Difference between Will and Shall
Key difference: ‘Will’ is used to imply volition or intention, while ‘shall’ can imply necessity or implication.
Both, will and shall are types of modal verbs in the English language. Modal verbs are a small class of auxiliary verbs used mostly to express modality. Modality is basically a possibility or an obligation. Other modal verbs include can, could, may, must, should, would and might.
According to Dictionary.com, the term ‘will’ is described as:
- Am (is, are, etc.) about or going to: I will be there tomorrow. She will see you at dinner.
- Am (is, are, etc.) disposed or willing to: People will do right.
- Am (is, are, etc.) expected or required to: You will report to the principal at once.
- May be expected or supposed to: You will not have forgotten him. This will be right.
- Am (is, are, etc.) determined or sure to (used emphatically): You would do it. People will talk.
- Am (is, are, etc.) accustomed to, or do usually or often: You will often see her sitting there. He would write for hours at a time.
- Am (is, are, etc.) habitually disposed or inclined to: Boys will be boys. After dinner they would read aloud.
- Am (is, are, etc.) capable of; can: This tree will live without water for three months.
- Am (is, are, etc.) going to: I will bid you “Good night.”
Dictionary.com describes ‘shall’ as:
- Plan to, intend to, or expect to: I shall go later.
- Will have to, is determined to, or definitely will: You shall do it. He shall do it.
- (In laws, directives, etc.) must; is or are obliged to: The meetings of the council shall be public.
- (Used interrogatively in questions, often in invitations): Shall we go?
Essentially, ‘will’ and ‘shall’ are both used for the same purpose. They can be used to express future plans interchangeably, especially in British English.

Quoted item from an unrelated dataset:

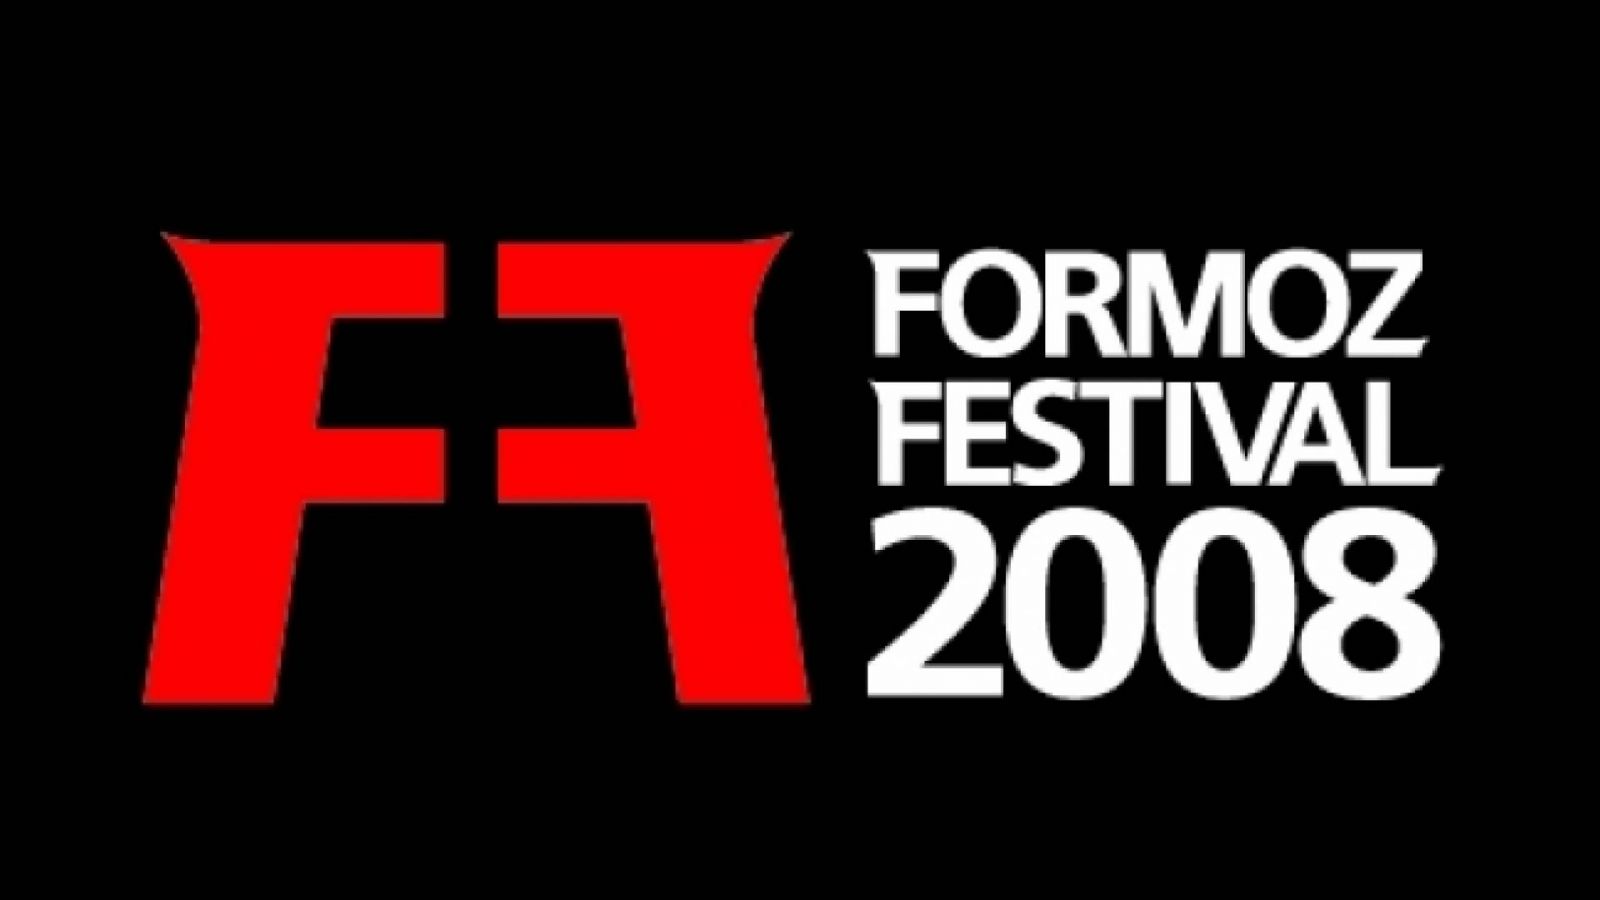 FORMOZ Festival - Parte 2 © Formoz Festival
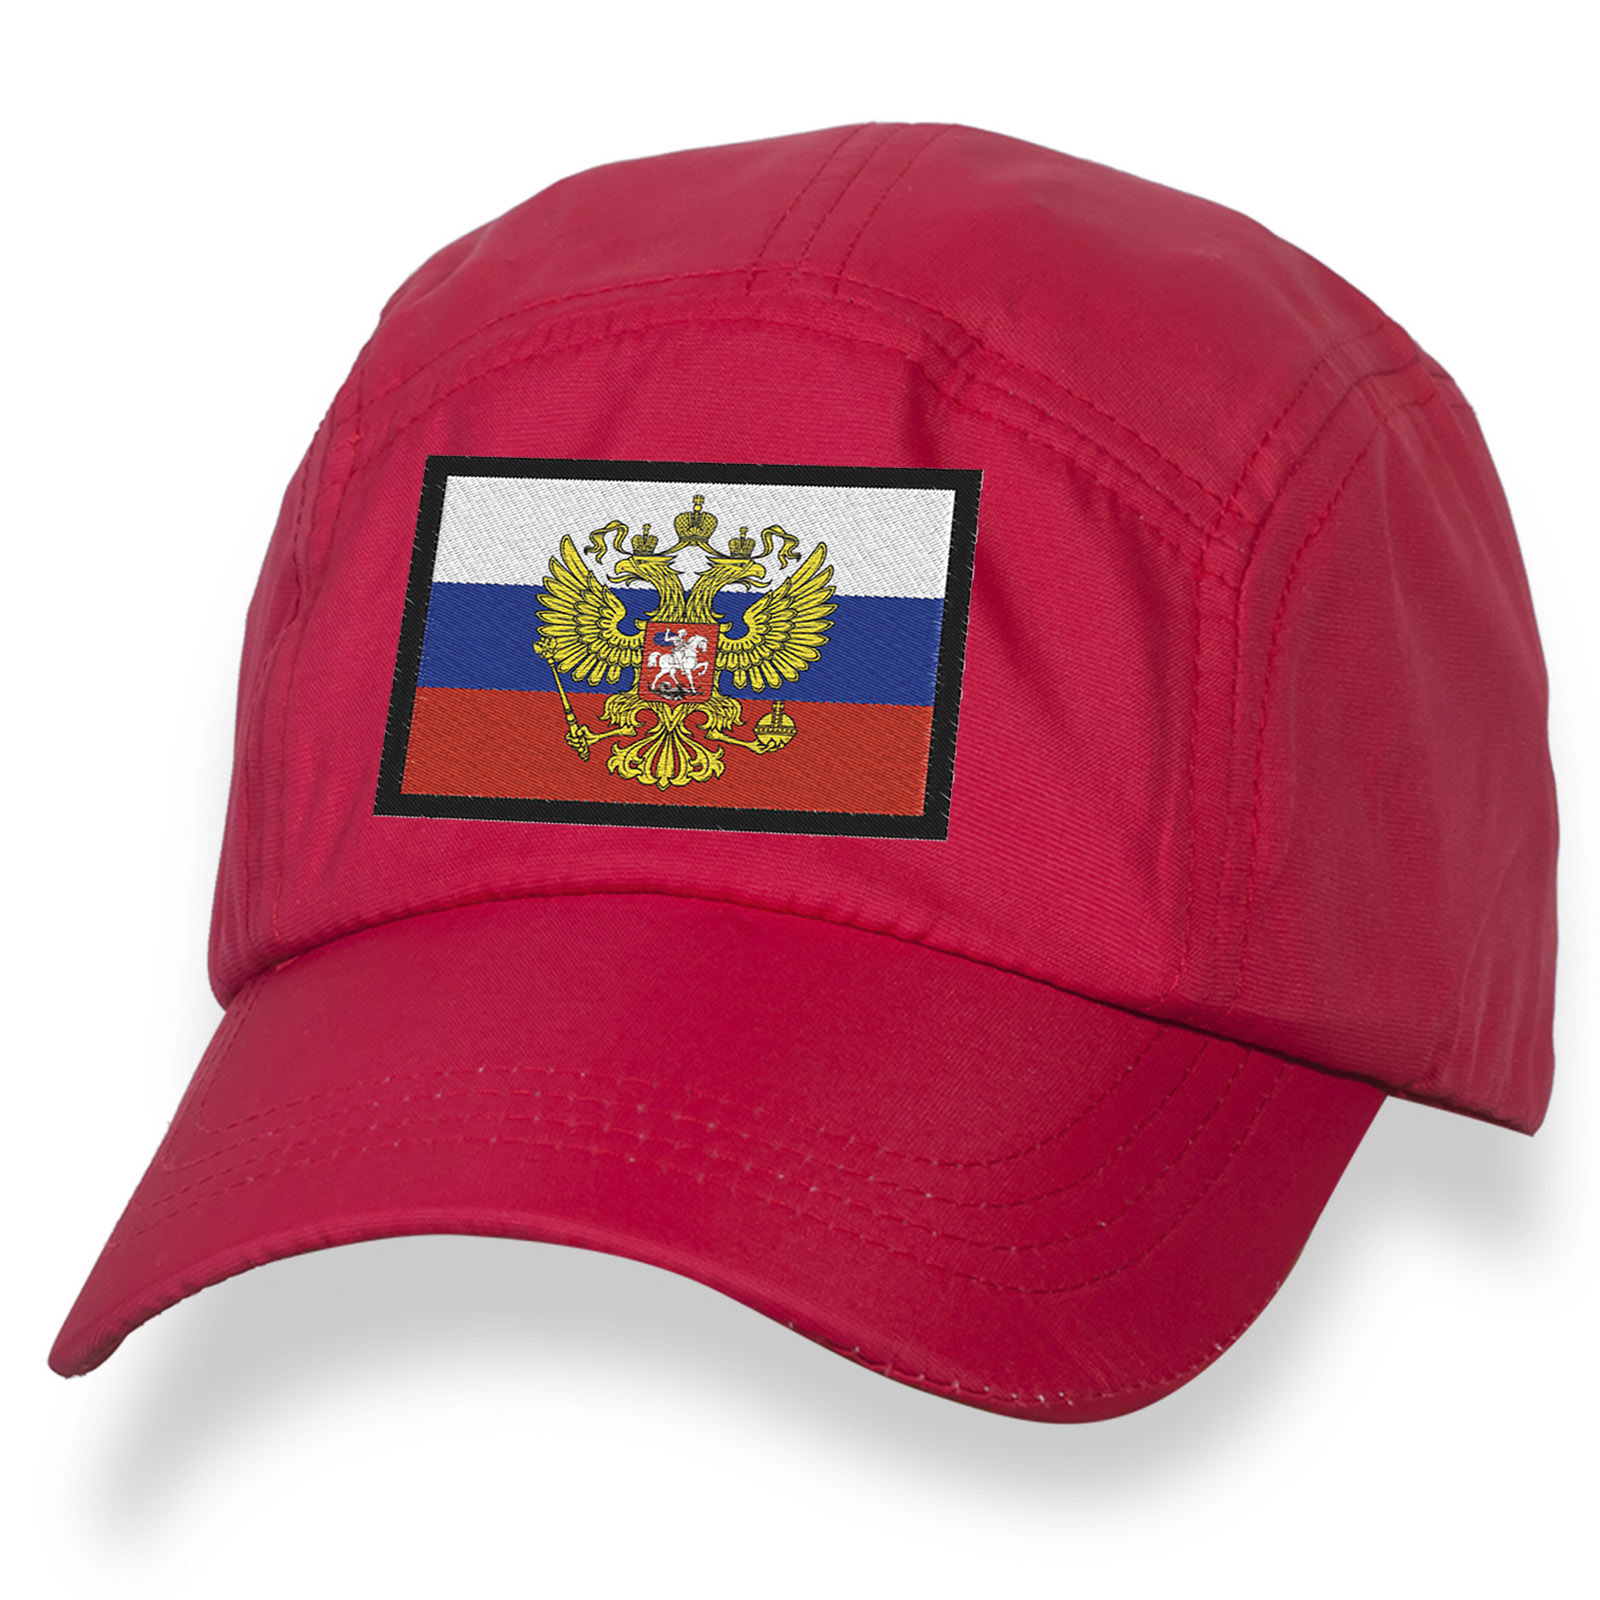 Купить в интернет магазине вышитую бейсболку с флагом РФ

However, ‘shall’ is rarely used in contemporary American English.
Currently, ‘will’ is the international standard choice for expressing future plans and expectations, while ‘shall’ is often used in the first-person context to express politeness. ‘Shall’ is also mainly used in third-person context in legal statements for stating requirements. ‘Will’ can also be used to imply volition or intention, while ‘shall’ can imply necessity or implication.
Further examples of ‘will’:
- I will scale Mount Everest.
- I will call you later.
- I will grow old some day.
- Will they be here tomorrow?
- Will we get tea here?
- I will see you tomorrow.
- Will you marry me?
- I will have my way.
- Will you come with me?
- Boys will be boys.
- A coat will last two years with care.
- You will still be talking.
- The new generator will be used to power the operations tent.
Further examples of ‘shall’:
- You shall take the garbage out before you do anything else.
- I shall visit him later.
- Shall we dance?
- I shall grow old some day.
- We shall all grow old some day.
- Shall we have a cup of tea?
- You shall regret it before long. (My threat)
- You shall not pass! (My command)
- You shall go to the ball. (My promise)
- The prize is to be given to whoever shall have done the best.
- The selected generator shall provide a minimum of 80 Kilowatt-hours.